Het hebben van de hiërarchie van project- en bedrijfsmappen maakt veel eenvoudiger om bedrijfsinstellingen bij te werken. Zorg ervoor dat iedereen dezelfde instellingen in een project gebruikt en upgrade naar een nieuwere versie van Tekla Structures.

Alle instellingen die op het bedrijfsniveau (bijvoorbeeld bedrijfslogo en tekeningstandaards) worden gebruikt, moeten in een bedrijfsmap worden opgeslagen en alle instellingen die in een bepaald project moeten worden gebruikt, moeten in de corresponderende projectmap worden opgeslagen. Eigenschappenbestanden worden altijd in de map \attributes onder de huidige modelmap zoals \TeklaStructuresModels\<my_building>\attributes opgeslagen. Deze bestanden moeten vervolgens naar de project- of bedrijfsmap worden gekopieerd of naar de door de gebruiker gedefinieerde submappen onder de project- of bedrijfsmap.

Als u de in een bedrijfs- en projectmap opgeslagen instellingen wilt gebruiken, stelt u het pad naar de map in door de variabelen XS_PROJECT en XS_FIRM te gebruiken. Deze variabelen moeten in de initialisatiebestanden (.ini) worden geplaatst. U kunt verschillende .ini-bestanden hebben. U kunt in de Tekla Structures-snelkoppeling definiëren welke .ini-bestanden moeten worden uitgevoerd en welke instellingen moeten worden toegepast.

Een van de belangrijkste voordelen om bedrijfs- en projectmappen te gebruiken, is dat Tekla Structures geen bestanden in de project- en bedrijfsmappen vervangt wanneer u een nieuwe versie installeert. Dit houdt in dat u uw aangepaste bestanden behoudt zonder dat u hoeft te knippen en plakken of vanuit eerdere versies hoeft te exporteren en importeren. Dit maakt het upgraden naar een nieuwere versie van Tekla Structures eenvoudiger. Wanneer u bestanden op één plek opslaat, is het ook eenvoudiger om de instellingen bij te werken en ervoor te zorgen dat iedereen in een project dezelfde instellingen gebruikt.

Voorbeeld:

In het huidige project 123_project_ABC hebt u de eigenschappen voor de betonkolom ingesteld en deze als column_ABC opgeslagen. Als u deze opgeslagen instellingen voor iedereen die in het project 123_project_ABC werkt beschikbaar wilt stellen, kopieert u column_ABC.ccl uit de map \attributes onder de modelmap naar de projectmap \123_project_ABC of naar uw bestandsserver of naar een door de gebruiker gedefinieerde submap onder de projectmap \123_project_ABC. Zorg ervoor dat iedereen in het project het juiste pad voor de variabele XS_PROJECT in het bestand .ini heeft.

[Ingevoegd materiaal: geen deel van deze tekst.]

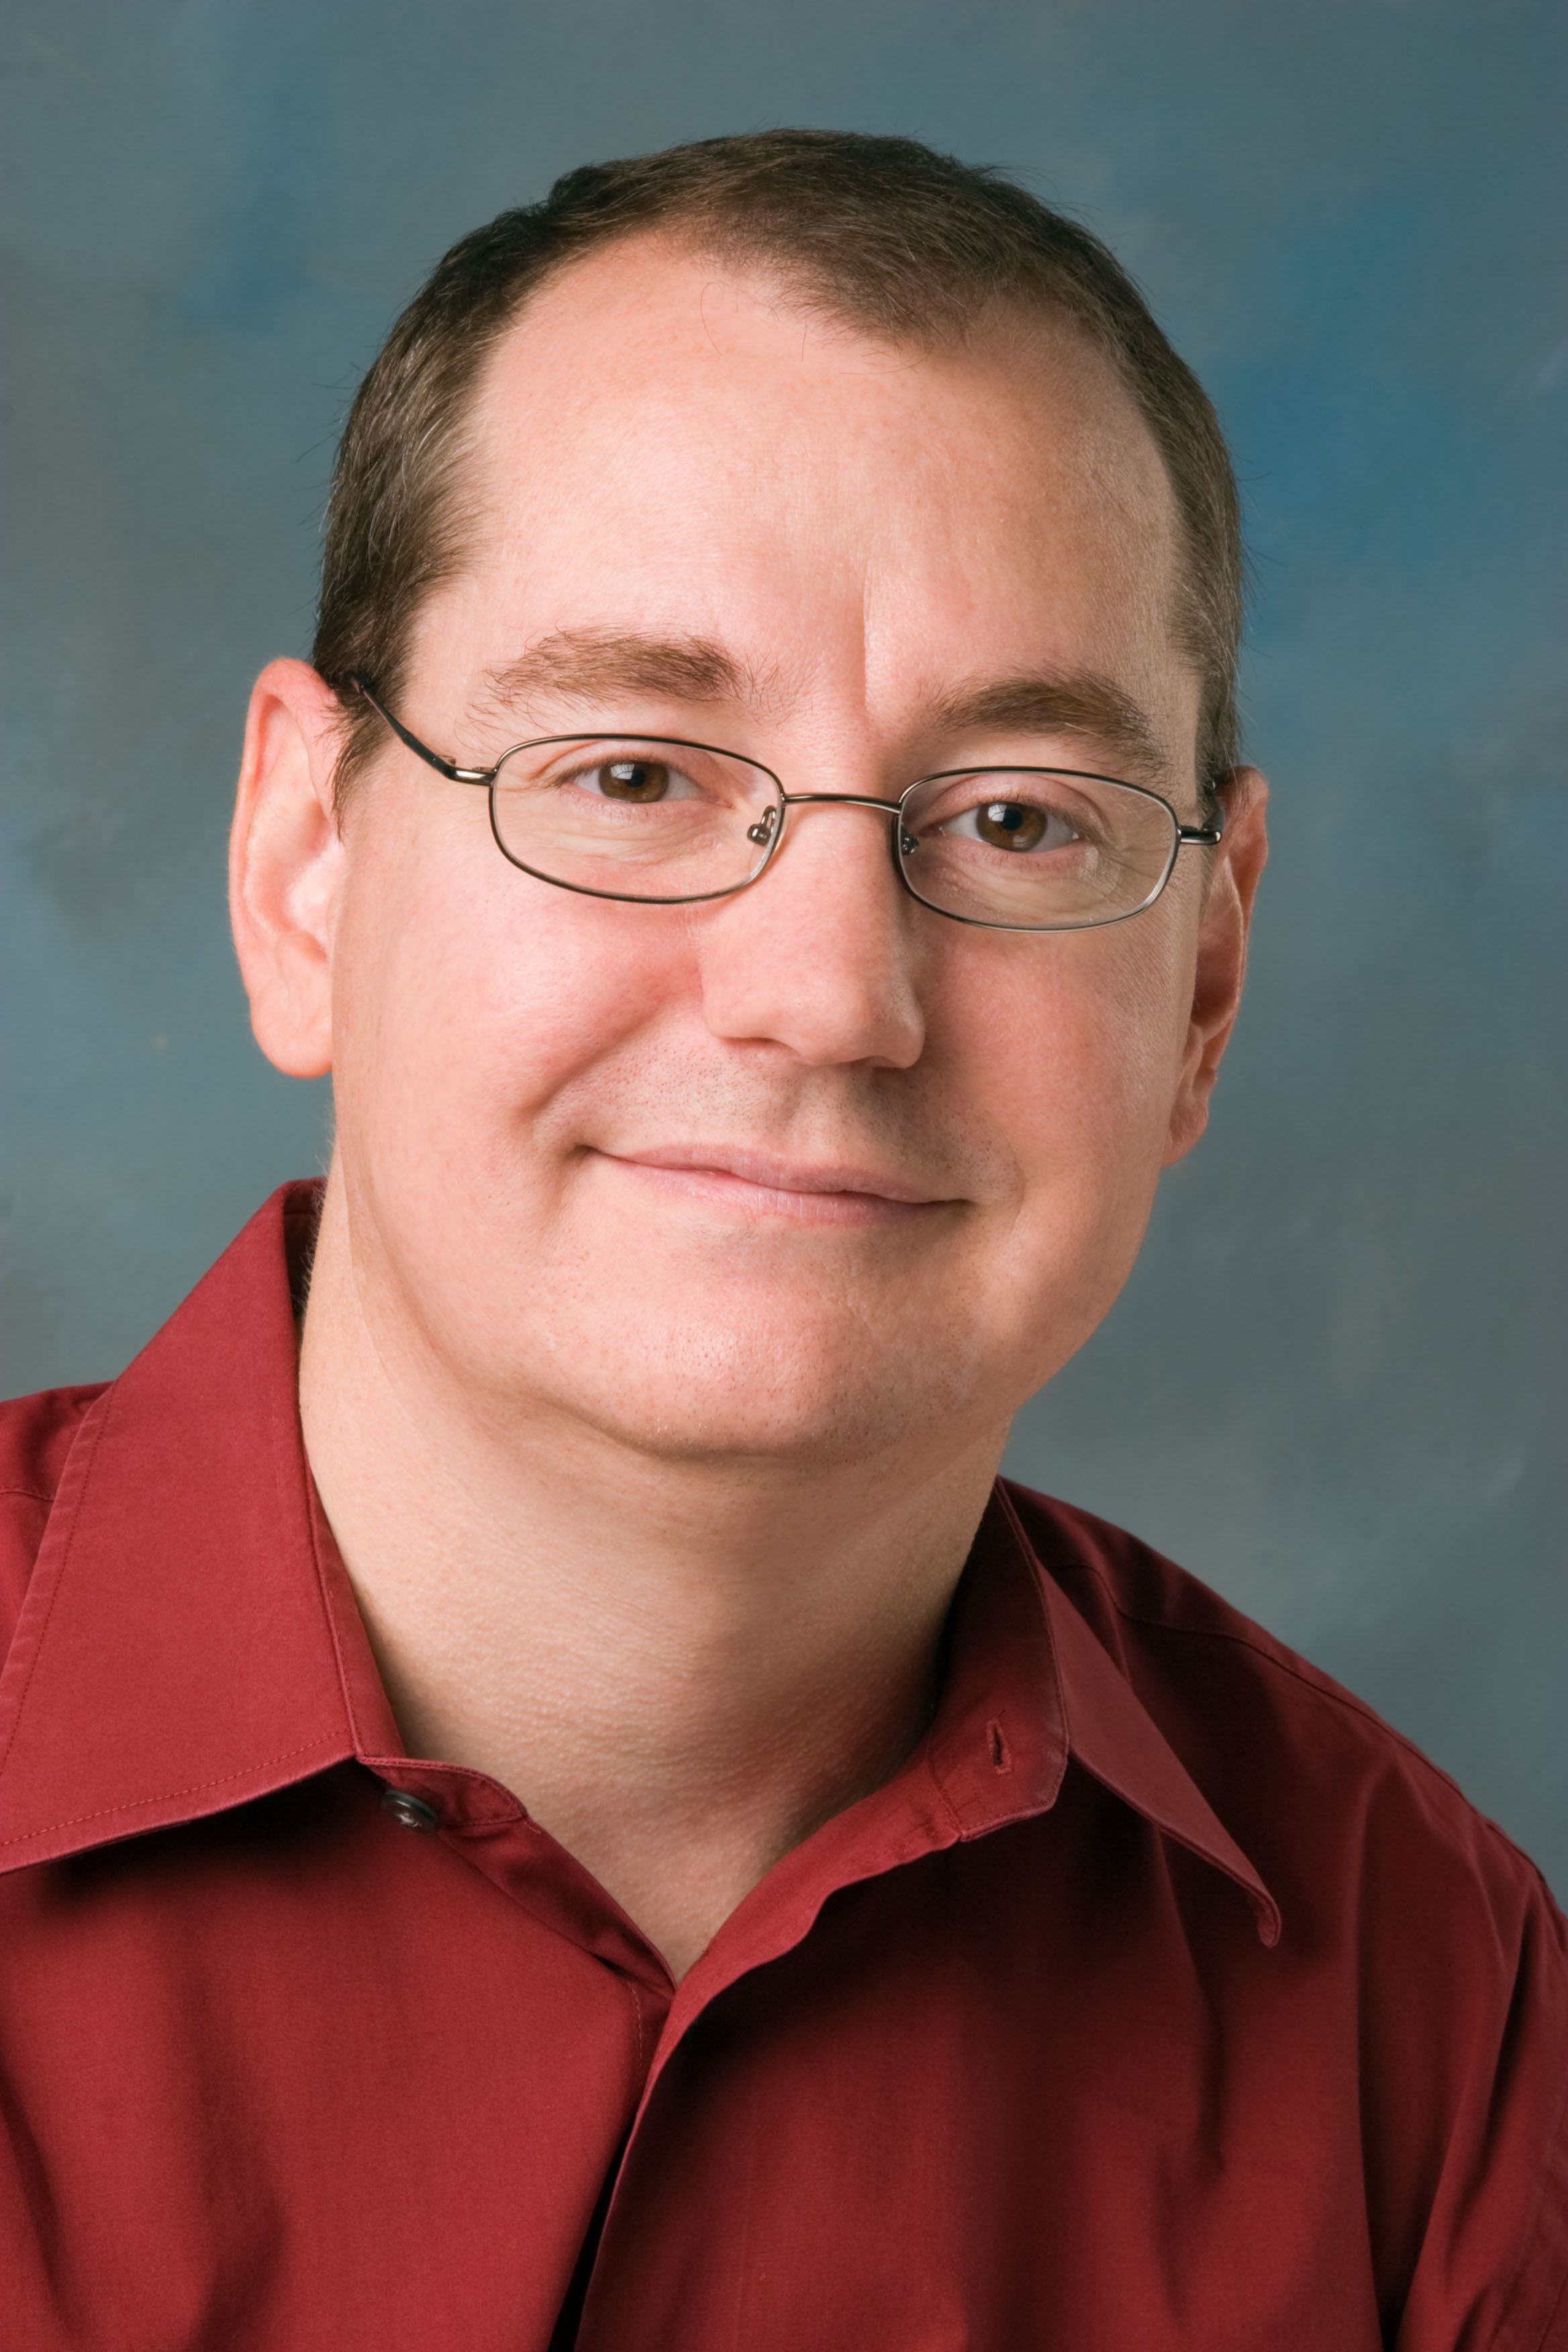 Glenn Callaghan

Raadpleeg voor meer informatie Project- en bedrijfsmappen maken en Bestanden en mappen in Tekla Structures.

Zoekvolgorde voor mappen

Wanneer u een model opent, zoekt Tekla Structures de gekoppeld bestanden in specifieke mappen in een ingestelde volgorde. Het is belangrijk dat u bestanden in de juiste mappen plaatst. Wanneer Tekla Structures de gekoppelde bestanden heeft gevonden, wordt het zoeken gestopt. Dit betekent dat de bestanden met dezelfde naam die zich verderop in de zoekvolgorde bevinden, worden genegeerd.

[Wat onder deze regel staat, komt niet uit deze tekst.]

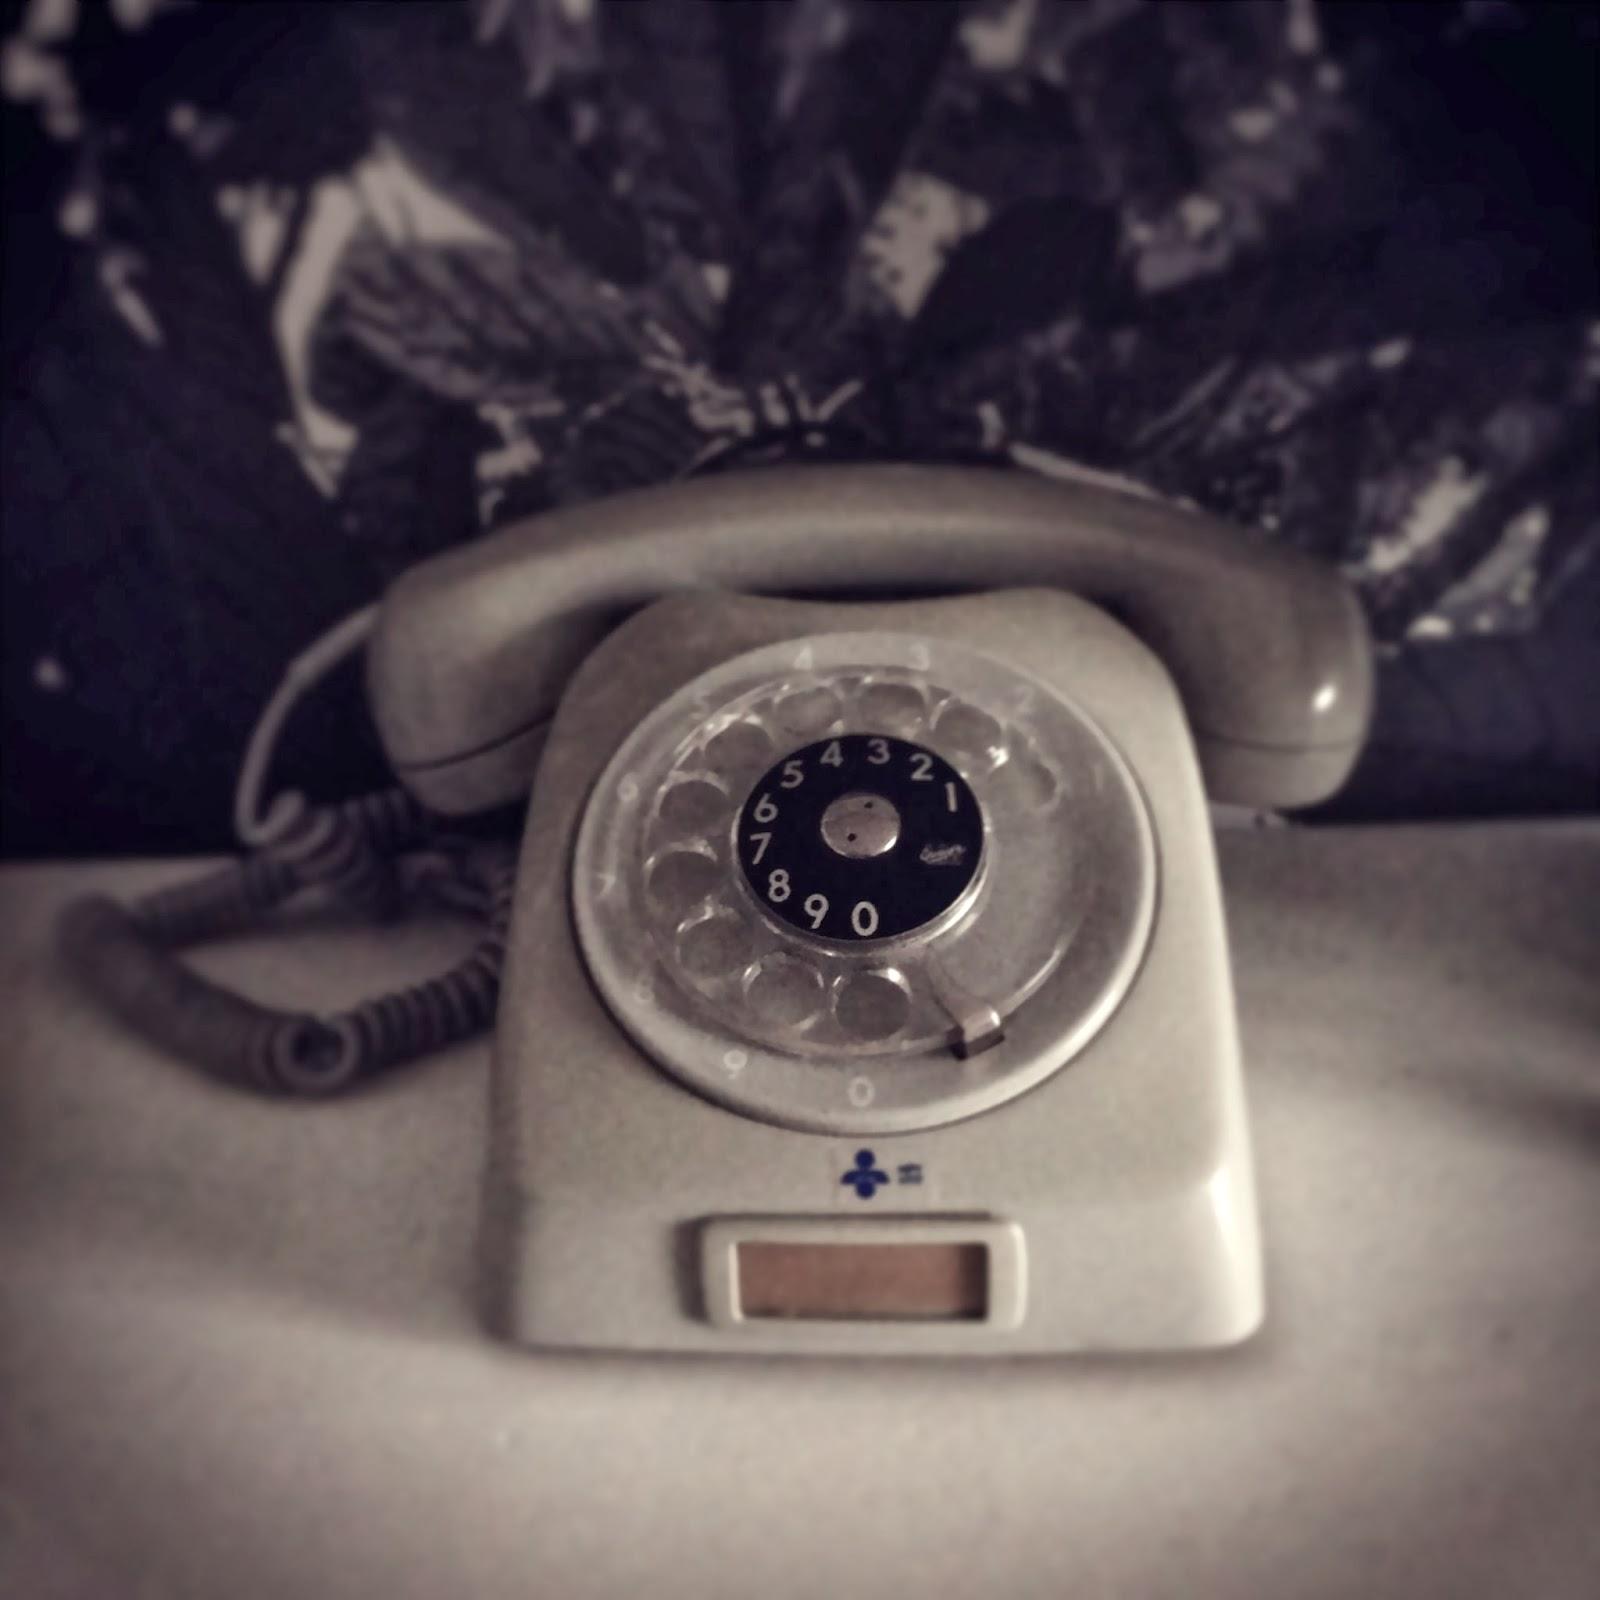 Old telephone, vanha puhelin, gammal telefon

De basis zoekvolgorde voor mappen is als volgt:

Map Gedefinieerd door

Modelmap

Huidige geopende model

Project

XS_PROJECT

Bedrijf

XS_FIRM

Systeem

XS_SYSTEM

U kunt meer dan één systeemmap opgeven en op deze manier kunt u specifieke instellingen voor elke rol definiëren. Gebruik de rolopties die in het bestand env_<environment>.ini zijn gedefinieerd om naar de rollen te verwijzen wanneer u de systeemmappen in de variabele XS_SYSTEM opgeeft. Voer de opties in die naar de rollen verwijzen en scheid deze door puntkomma's, bijvoorbeeld: set XS_SYSTEM=%XS_STEEL%;%XS_ENGINEERING%;%XS_CONTRACTOR%;%XS_GENERAL%;%XSDATADIR%\environments\common\system\

Er zijn enkele uitzonderingen op deze zoekvolgorde. De uitzonderingen worden weergegeven in Zoekvolgorde voor mappen.

Opmerking:

Sla geen aangepaste bestanden in de systeemmap op. Tekla Structures vervangt deze bestanden wanneer u een nieuwe versie installeert.

Initialisatiebestanden

Initialisatiebestanden (.ini) worden gebruikt om Tekla Structures te starten. Ze kunnen vele te gebruiken variabelen bevatten waarmee u Tekla Structures voor verschillende standaarden en uw eigen werkstijl kunt configureren. Tekla Structures maakt tijdens de installatie automatisch de benodigde .ini-bestanden. Het aantal te maken .ini-bestanden hangt af van hoeveel landspecifieke omgevingen u wilt installeren.

Waarom zijn .ini-bestanden nodig?

Er zijn talrijke instellingen nodig wanneer Tekla Structures start. Variabelen worden gebruikt om het uiterlijk en het gedrag van Tekla Structures in te stellen. Bijvoorbeeld de te gebruiken taal, het gedrag van onderdeellabels in tekeningen en de locatie van uw modelmap. Variabelen worden via de .ini-bestanden ingesteld. De verschillende .ini-bestanden, wat ze doen en hoe ze bij elkaar horen wordt hieronder beschreven.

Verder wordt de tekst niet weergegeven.